Monaghan and Briles - both former presidents of ManaTeens, a youth program of the Volunteer Center of Manatee County - have known each other since sixth grade.
"I was scared to death - didn't know what really to do," Monaghan said. "I wanted to make sure they weren't going to punch and hurt Calvin."
Monaghan said he saw Briles' cell phone hit the ground as he was pressed against the car and handcuffed.
Monaghan said when he bent over to pick up the phone, a police horse "nudged" his head with its snout and an unidentified official grabbed him from behind and asked him why he hit the horse.
He said he hadn't hit the horse but that the official handcuffed him, kicked his legs open and searched his pockets.
"I knew what was happening was all a bunch of bull," Monaghan said.
He said he was let go shortly after, but Briles remained face down on the pavement.
Briles said officials listed a handful of charges he would face, including impeding a federal investigation. Still, no one read him his rights, he said.
After checking into Briles' record, the officials let him go. Briles said they told him things would have gone less smoothly if he had a criminal history.

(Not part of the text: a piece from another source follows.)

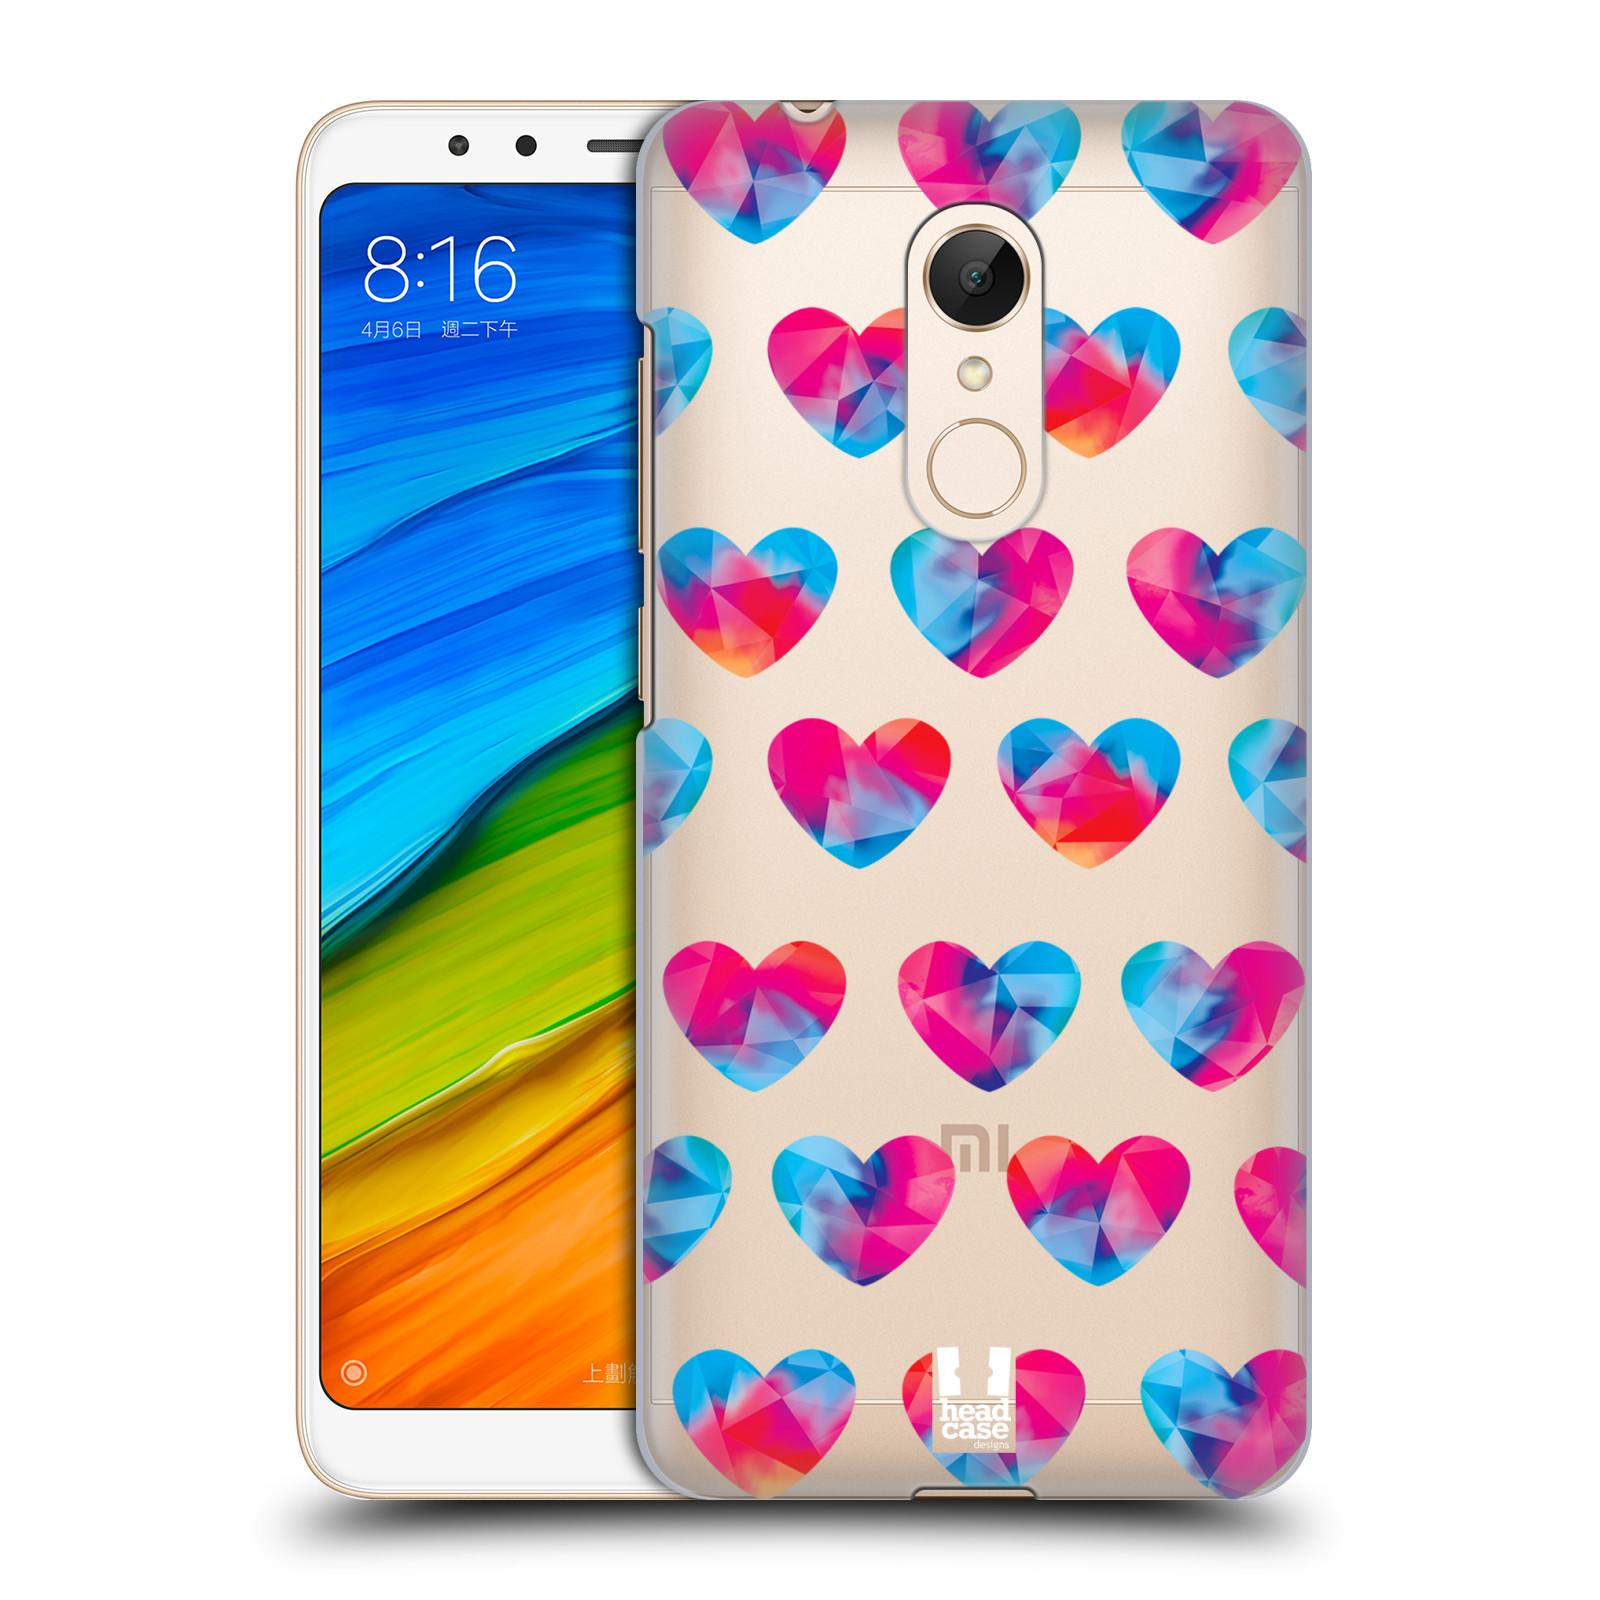 Plastové pouzdro na mobil Xiaomi Redmi 5 - Head Case - Srdíčka hrající barvami

http://www.bradenton.com/mld/bradenton/news/12869921.htm?template=contentModules/printstory.jsp
"The guy stumbled into the horse, was belligerent, appeared intoxicated liquor/drugs according to FBI in area, and several business owners who observed."
---Friends of mine who went to Mardi Gras a few years back watched cops whoop up on someone who got TOO CLOSE to a horse. I'm sorry, but I don't buy 'stumbled into a horse.' Maybe 'going to see a man about a horse,' but who misses a Morgan and can't get out of the way unless the cops are suddenly stopped dead in the pedestrian traffic?
"Two police officers tried to contain him according to FBI agent, he resisted arrest, FBI guy went to help making it look like the old guy was being outnumbered. The "Innocent witness" was a news reporter interfered with police action by grabbing a police officer and spinning him around and pushing his Press Card in the officers face..police officer then forcefully had to move the press guy out of the way. For factual outline (my memory only so good), please watch the News tonight..Everyone still wants the old guy to be "right" because its more PC..but thats not what the facts are showing."
---I'm pretty sure the cops are not wrong in arresting this guy, but I also know that NOLA cops have a reputation for brutality. I'm not surprised at all that some presstitute has caused this brouhaha...it isn't as if it would be tough for them to find a situation that could be manipulated given the police there.
You mean they enforce laws? What a concept!
It seems to me that tourism, will sink... big time.
The old guy was the thug...facts coming out
That is NO excuse for this type of conduct. It makes those soldiers convicted of similar actions in Iraq seem almost childish.
I have zero sympathy for those LEO's involved in this action.
Lets see now:
NOPD looting - check
NOPD stealing Caddys - check
NOPD ghost payroll - check
NOPD beats stuffing out of old man - check
Yup. I'd say thugs pretty well sums it up...
The LOPD that did the looting also were not the ones staying there and DOING THEIR JOBS..like the OVERWORKED OFFICERS putting up with crap from THUGS!!!!!!!!!!!!
Old age is no excuse for BAD BEHAVIOUR!!